Dataset content:
=====

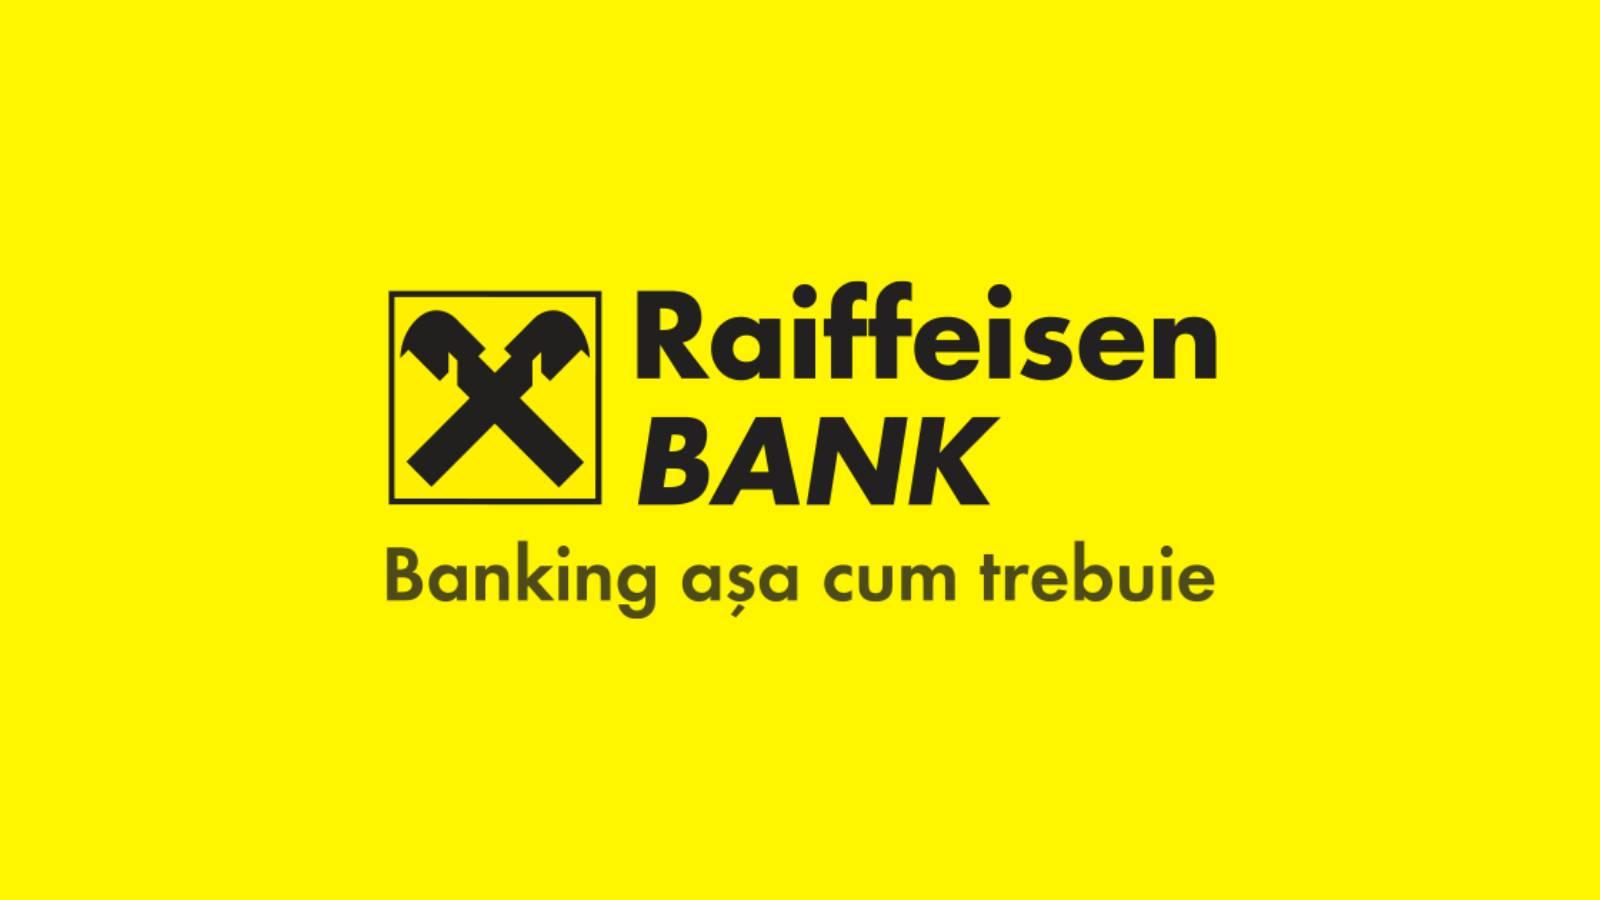 Raiffeisen Bank debit
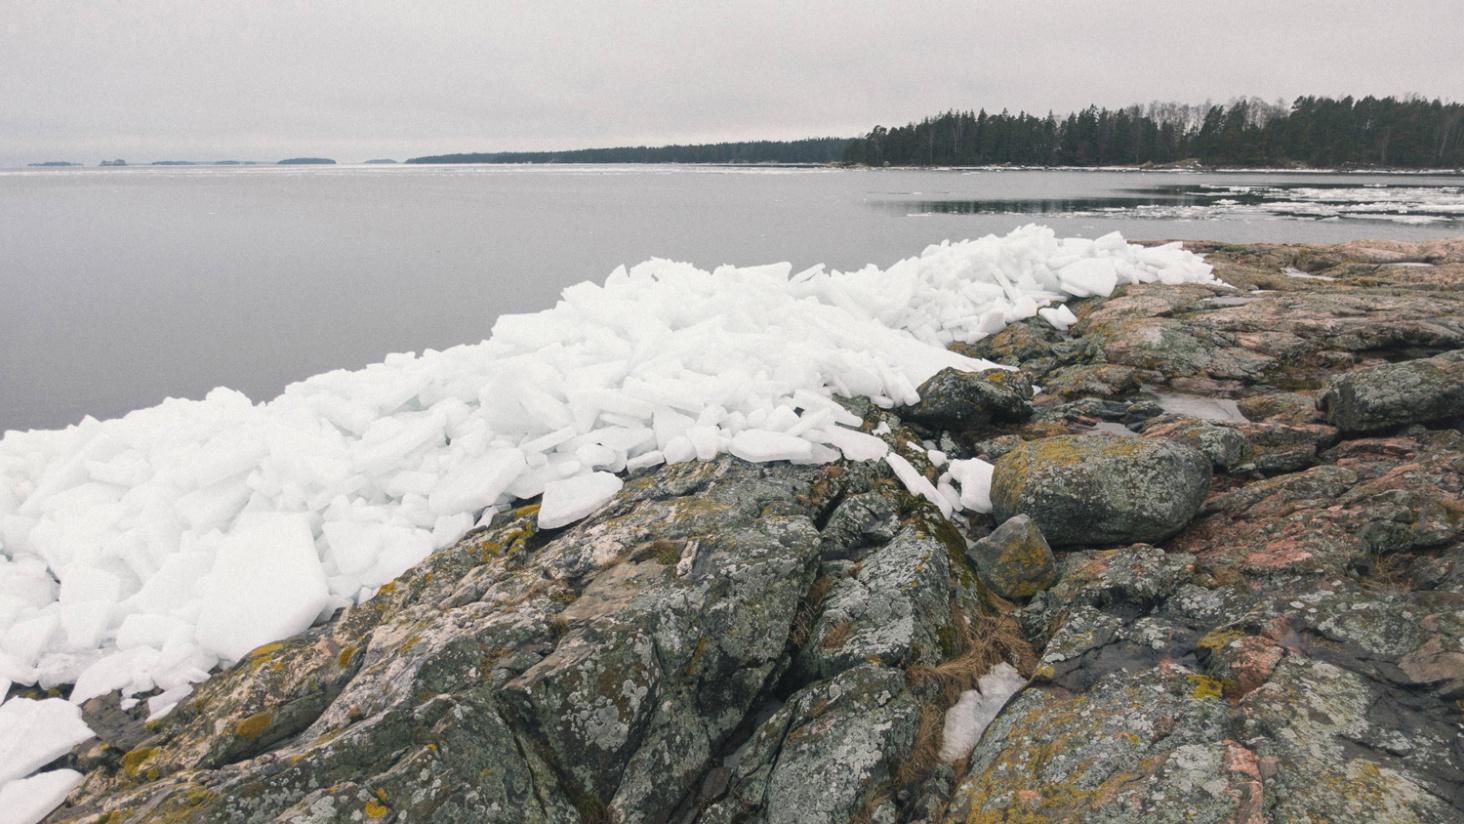 18 Robin Falck Finnland Kajak
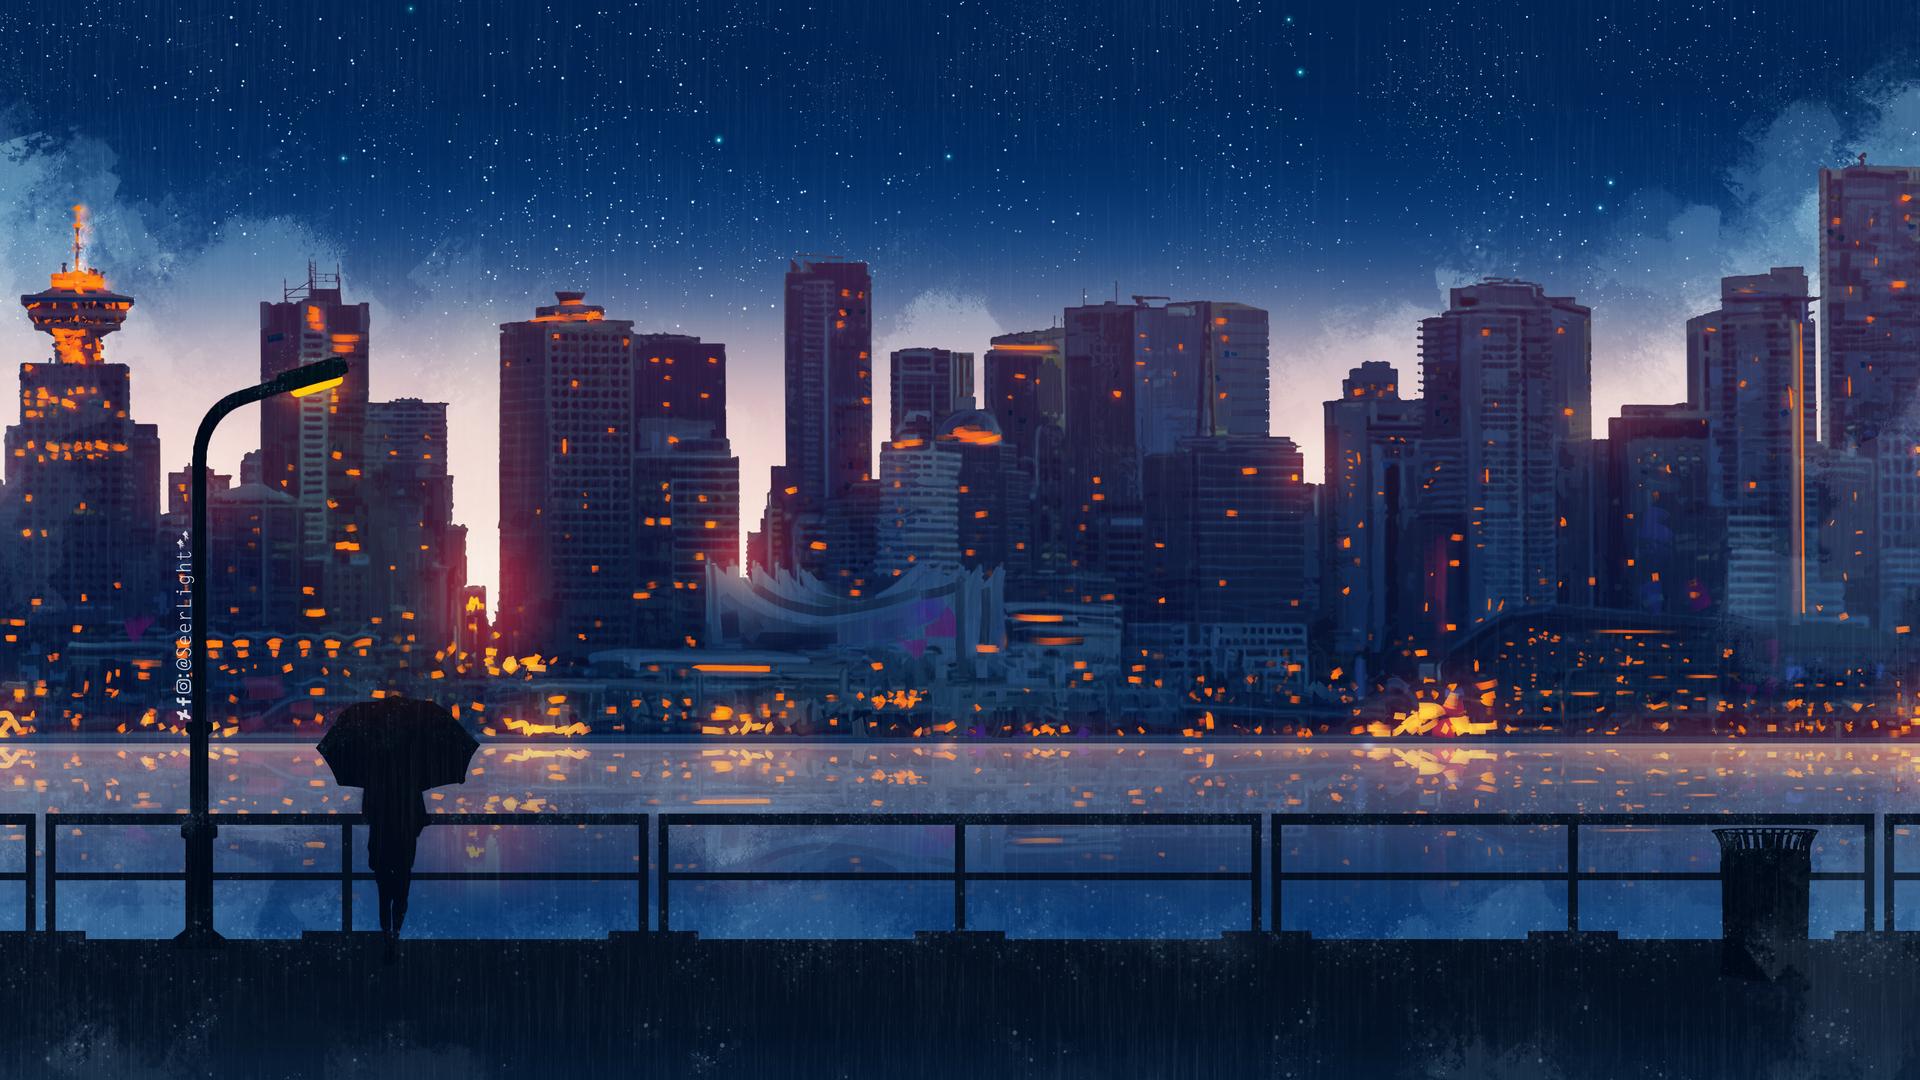 1920x1080 Wallpaper Anime City Anime Wallpapers

=====

Your task: Only the lines from the one containing "18 Robin Falck Finnland Kajak" through the last line of the data belong in the copy, both included and reproduced exactly. Pictures do not.

Answer section:
 18 Robin Falck Finnland Kajak
 1920x1080 Wallpaper Anime City Anime Wallpapers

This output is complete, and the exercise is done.